* Data for processing
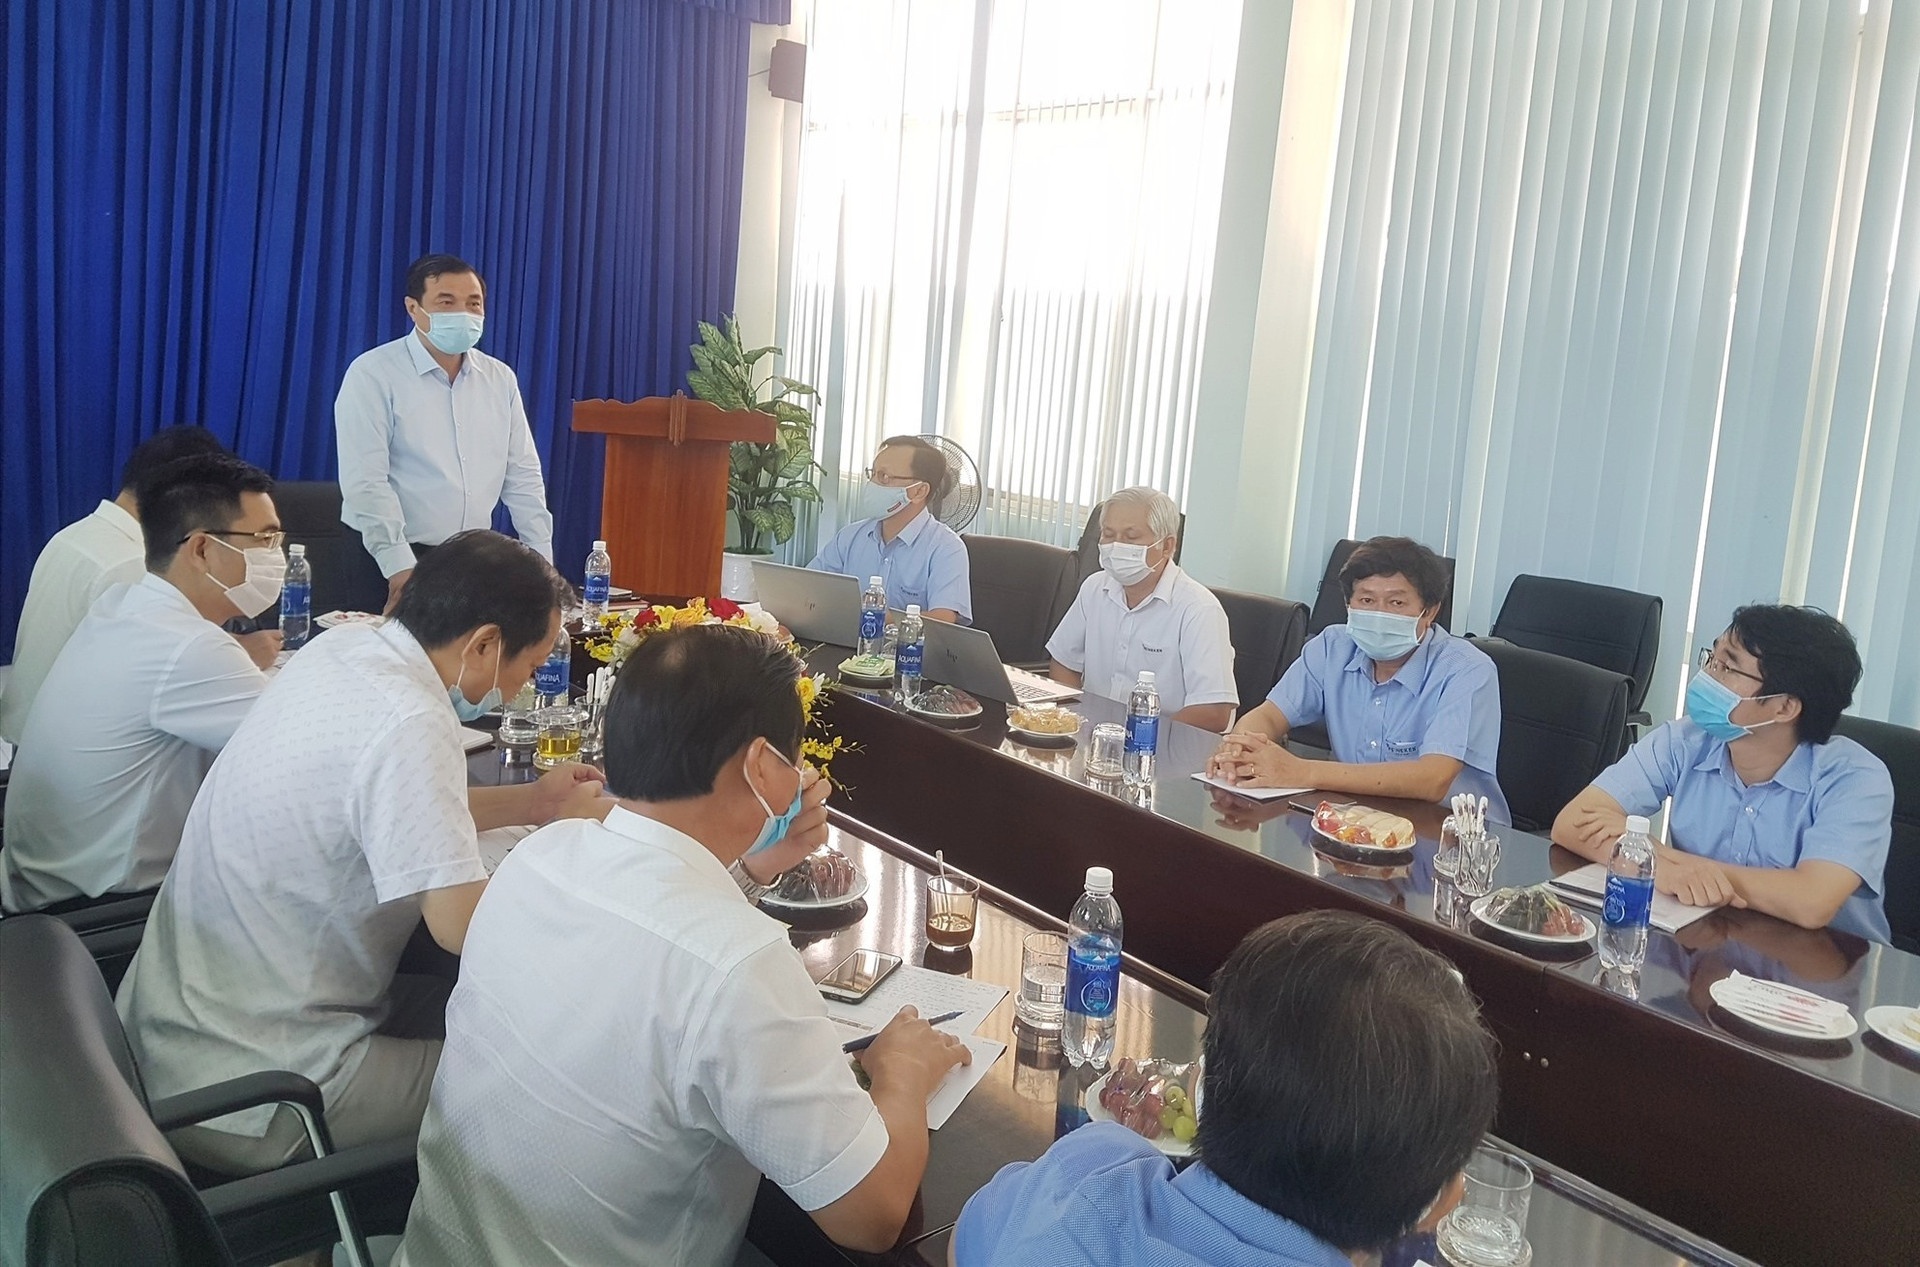 Bí thư Tỉnh ủy Phan Việt Cường yêu cầu lãnh đạo các công ty tại KCN Điện Nam - Điện Ngọc vừa đảm bảo phòng dịch vừa duy trì hoạt động sản xuất. Ảnh: D.L
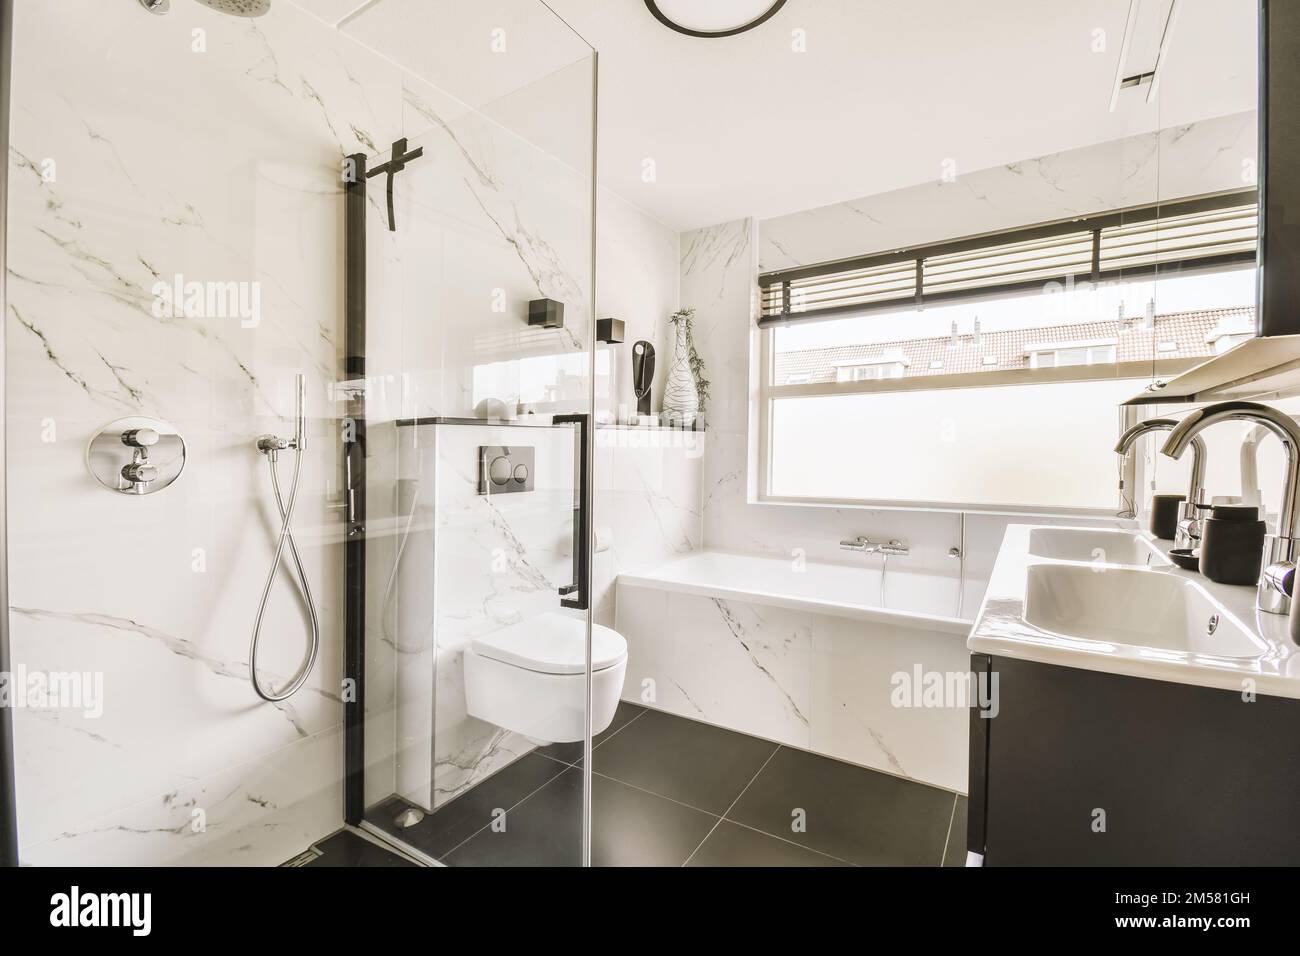 un moderno cuarto de baño con azulejos de mármol blanco y negro en las paredes, ducha y wc en la zona de la esquina Foto de stock
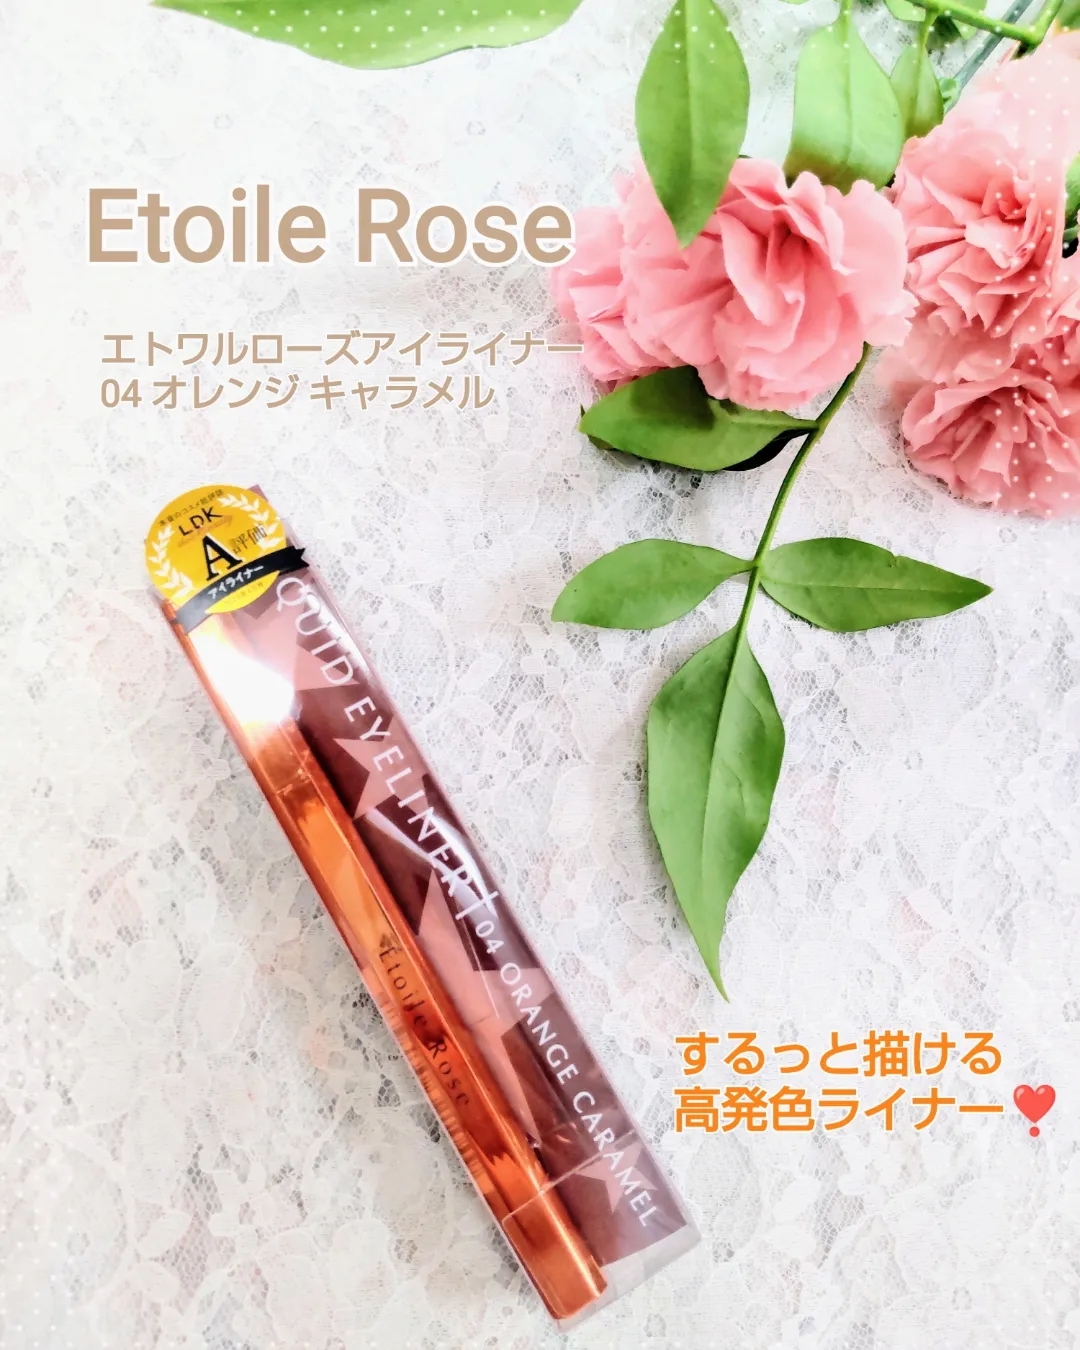 Étoile Rose(エトワルローズ) アイライナーの良い点・メリットに関するティンカーベル0908さんの口コミ画像1
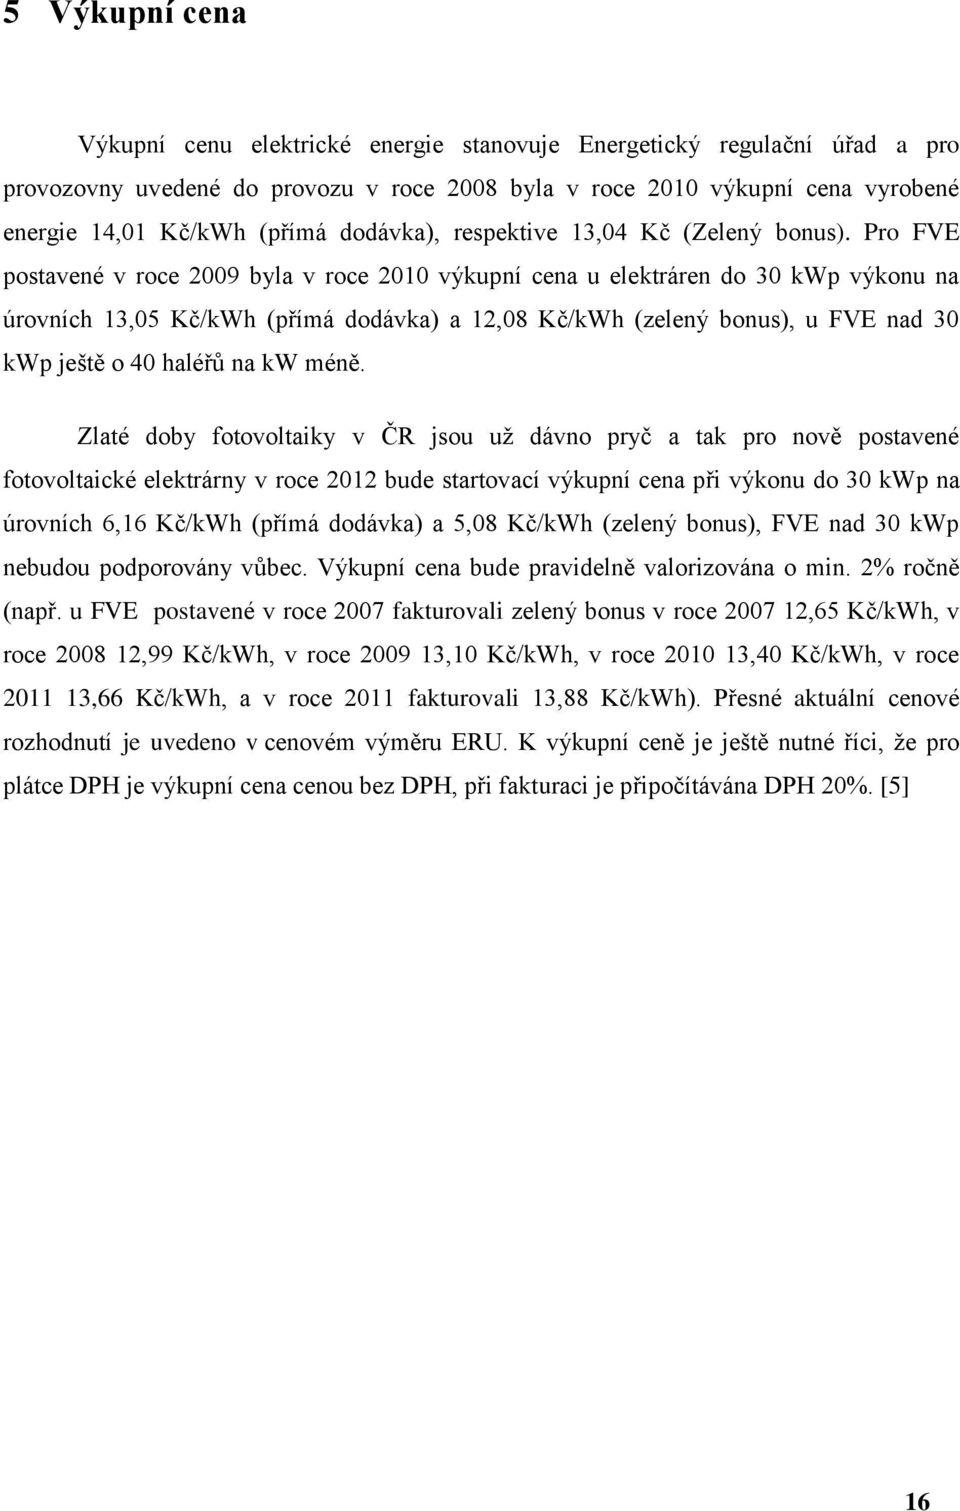 Pro FVE postavené v roce 2009 byla v roce 2010 výkupní cena u elektráren do 30 kwp výkonu na úrovních 13,05 Kč/kWh (přímá dodávka) a 12,08 Kč/kWh (zelený bonus), u FVE nad 30 kwp ještě o 40 haléřů na
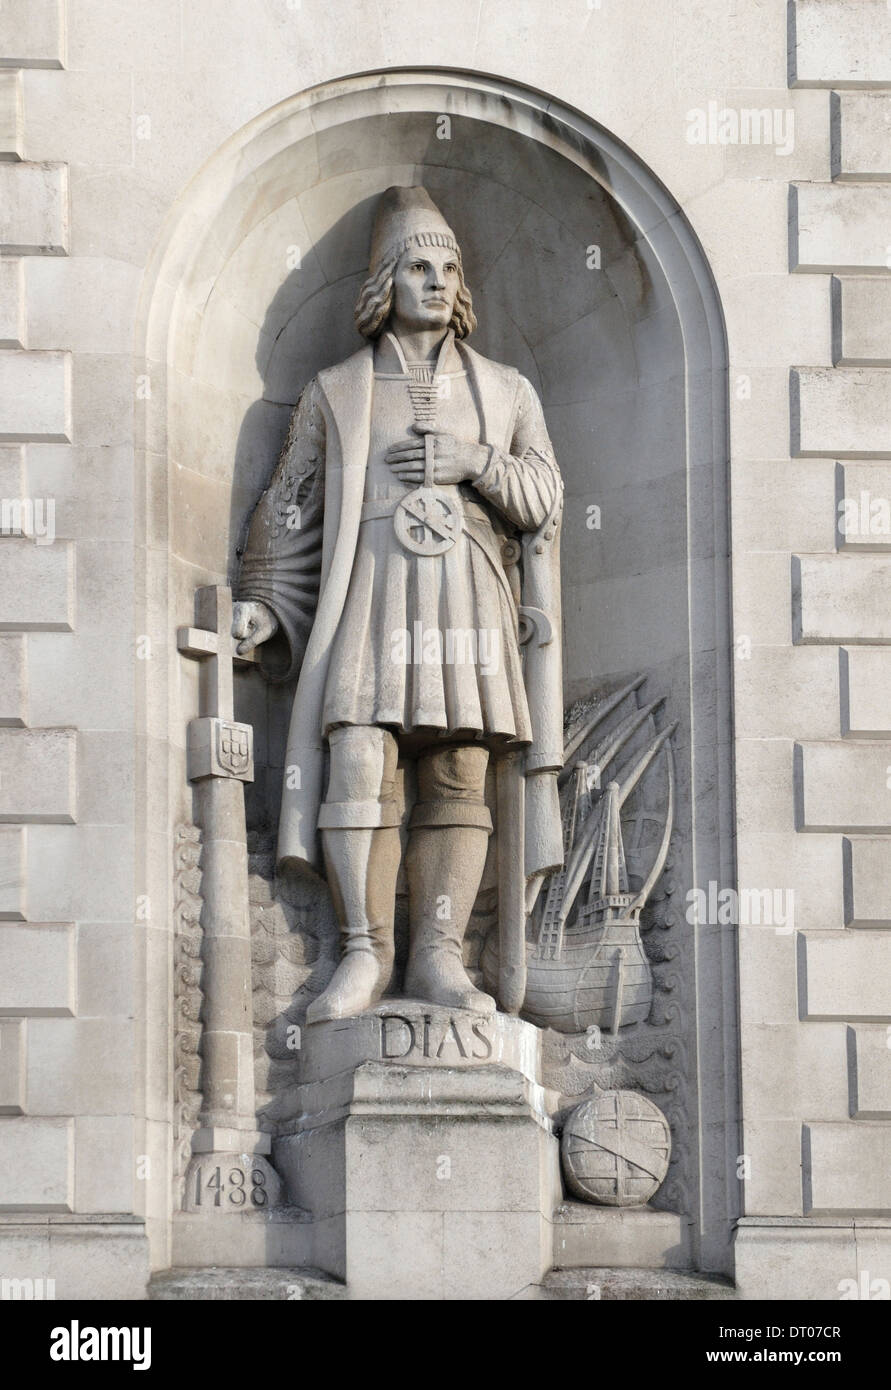 Londres, Angleterre, Royaume-Uni. Statue de Bartolomeu Dias (Bartholomew / explorateur portugais) sur la façade de la maison de l'Afrique du Sud, Trafalgar Sq Banque D'Images

* Work to be completed
Please copy the data shown above precisely, leaving the images out.

* Solution for this exercise
 Bí thư Tỉnh ủy Phan Việt Cường yêu cầu lãnh đạo các công ty tại KCN Điện Nam - Điện Ngọc vừa đảm bảo phòng dịch vừa duy trì hoạt động sản xuất. Ảnh: D.L
 un moderno cuarto de baño con azulejos de mármol blanco y negro en las paredes, ducha y wc en la zona de la esquina Foto de stock
 Étoile Rose(エトワルローズ) アイライナーの良い点・メリットに関するティンカーベル0908さんの口コミ画像1
 Pro FVE postavené v roce 2009 byla v roce 2010 výkupní cena u elektráren do 30 kwp výkonu na úrovních 13,05 Kč/kWh (přímá dodávka) a 12,08 Kč/kWh (zelený bonus), u FVE nad 30 kwp ještě o 40 haléřů na
 Londres, Angleterre, Royaume-Uni. Statue de Bartolomeu Dias (Bartholomew / explorateur portugais) sur la façade de la maison de l'Afrique du Sud, Trafalgar Sq Banque D'Images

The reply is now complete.